● **DATASET EXCERPT**:

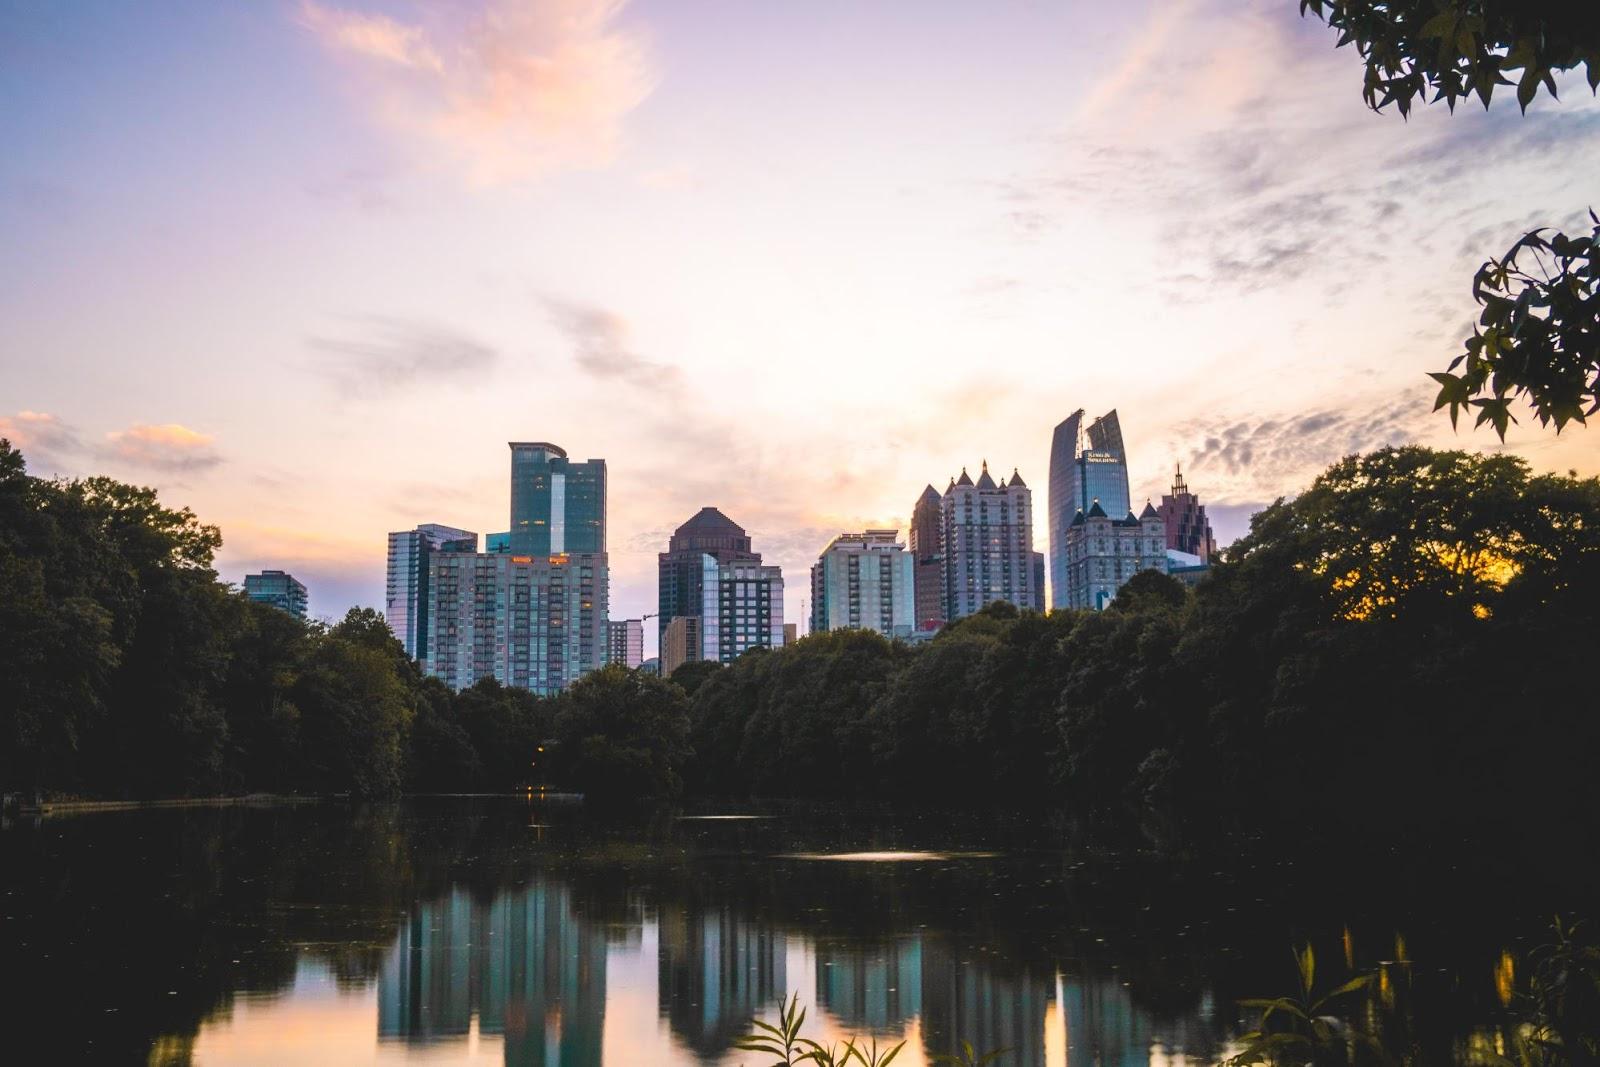 Skyline of Atlanta Georgia
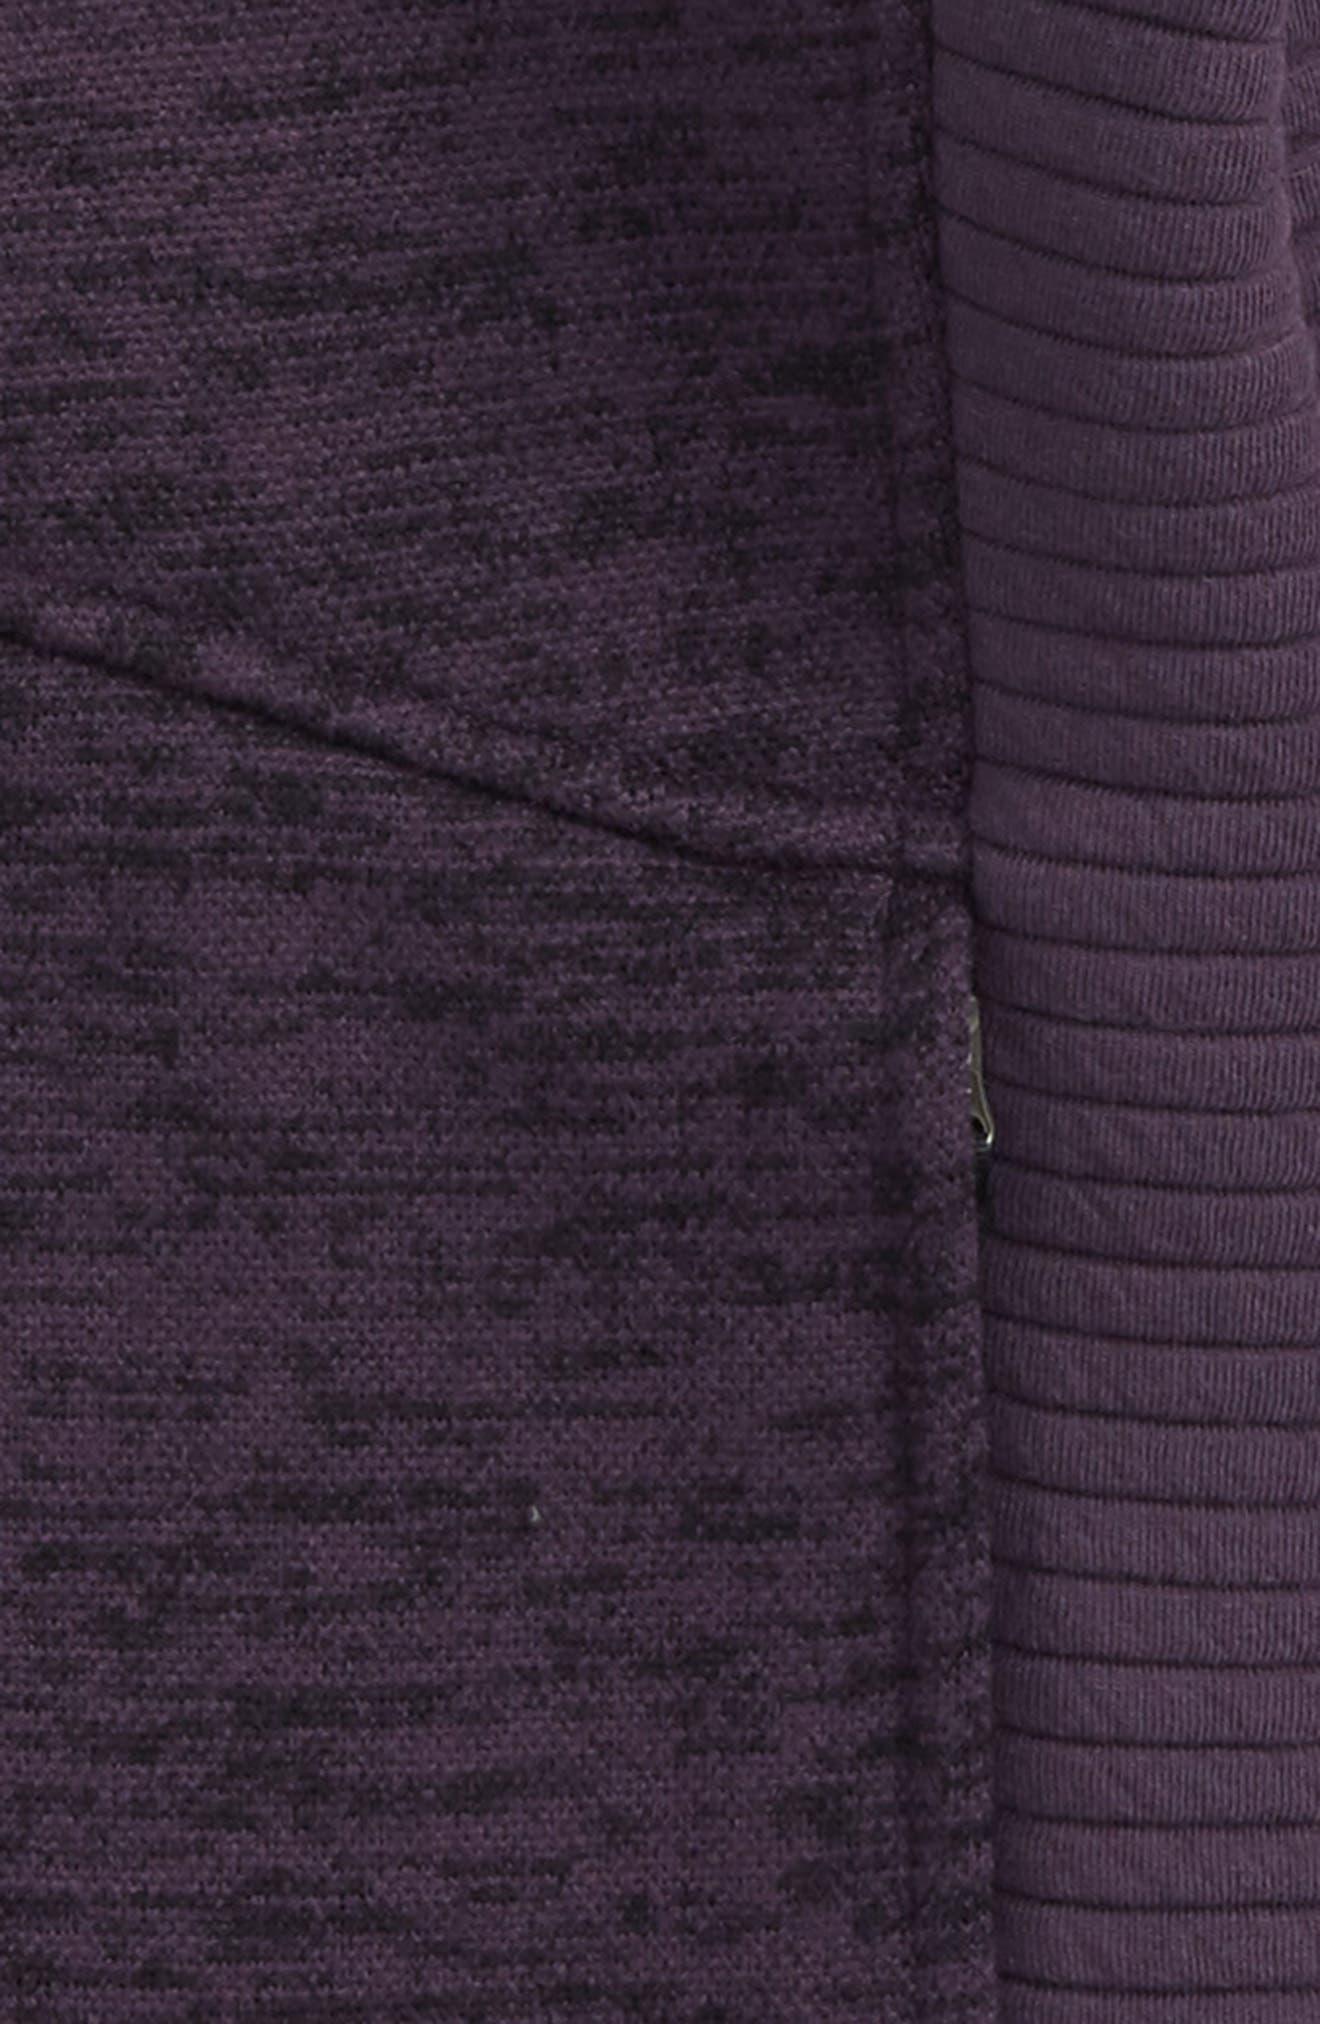 Indi 2 Hooded Knit Parka,                             Alternate thumbnail 2, color,                             Dark Eggplant Purple
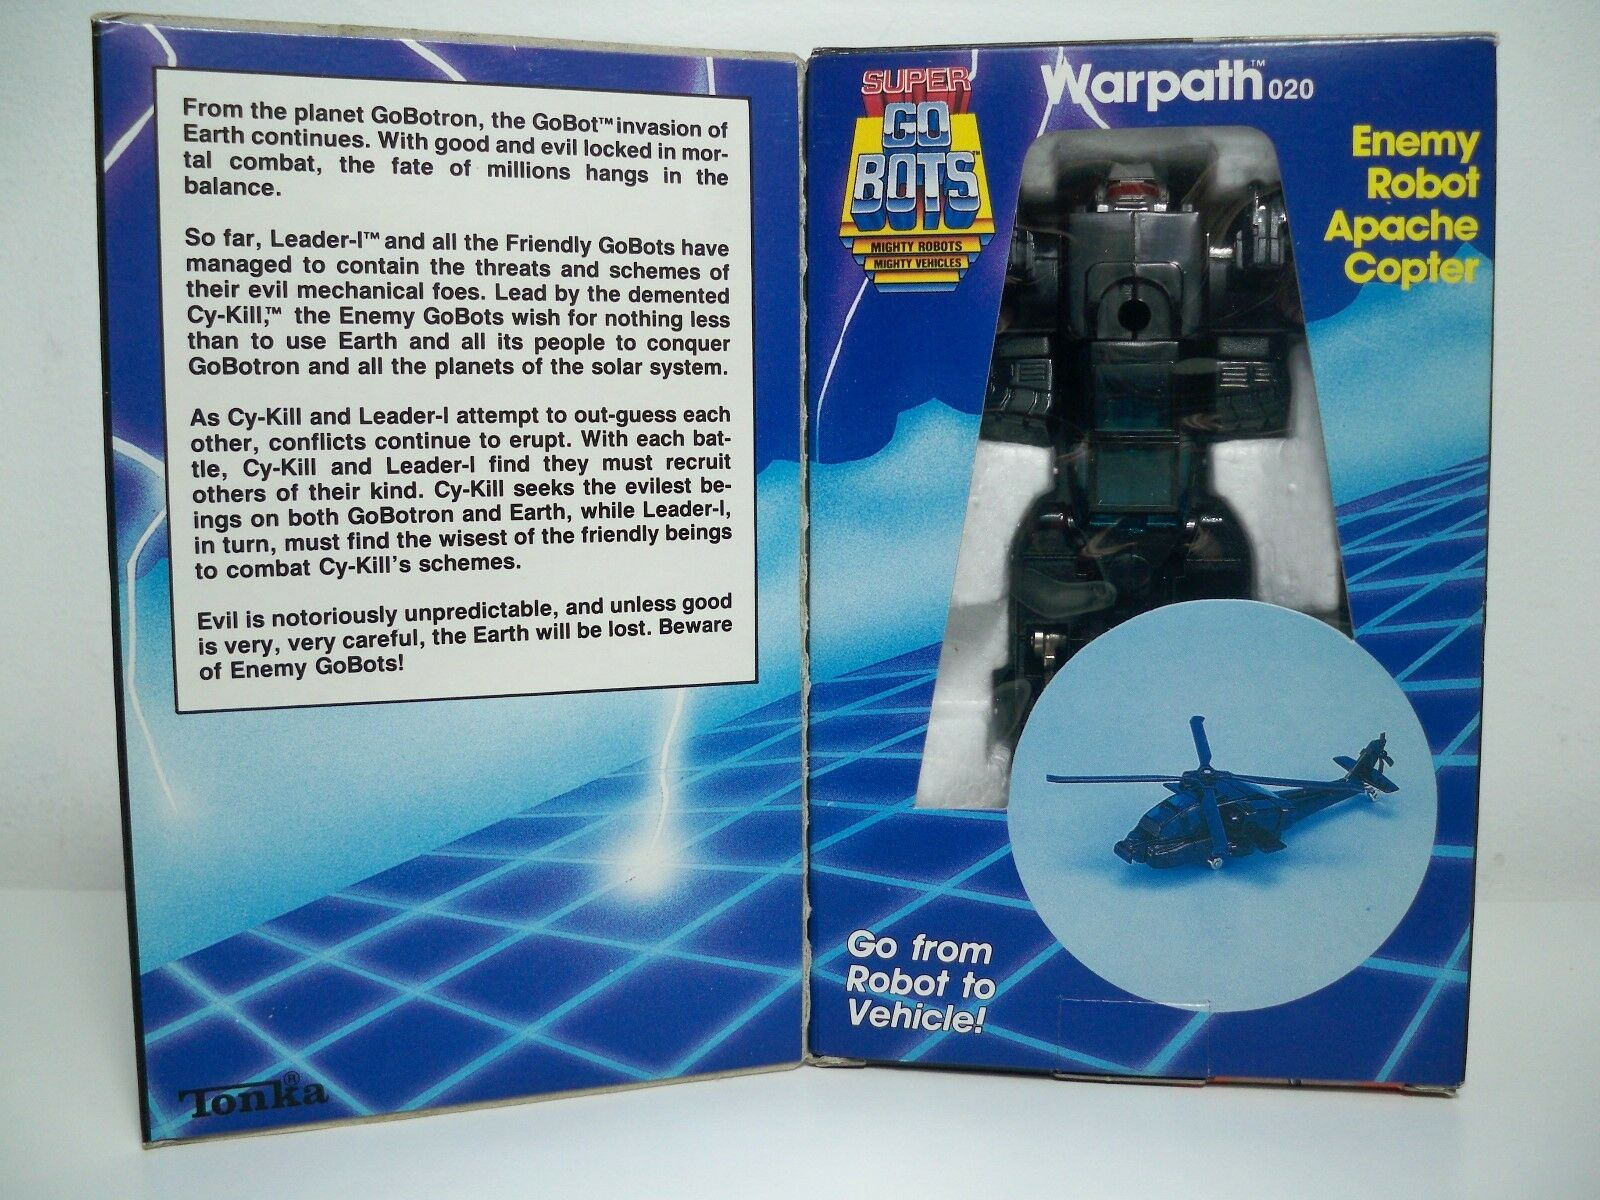 K1701831 WARPATH W/ BOX & UNUSED DECALS SUPER GOBOTS GOBOTS GOBOTS 100% COMPLETE 1984 ORIGINAL b35beb

● **WORK TO BE COMPLETED**: Every word of the material above should be copied exactly; no pictures.

● **EXERCISE SOLUTION**:
 Skyline of Atlanta Georgia
 Indi 2 Hooded Knit Parka,                             Alternate thumbnail 2, color,                             Dark Eggplant Purple
 K1701831 WARPATH W/ BOX & UNUSED DECALS SUPER GOBOTS GOBOTS GOBOTS 100% COMPLETE 1984 ORIGINAL b35beb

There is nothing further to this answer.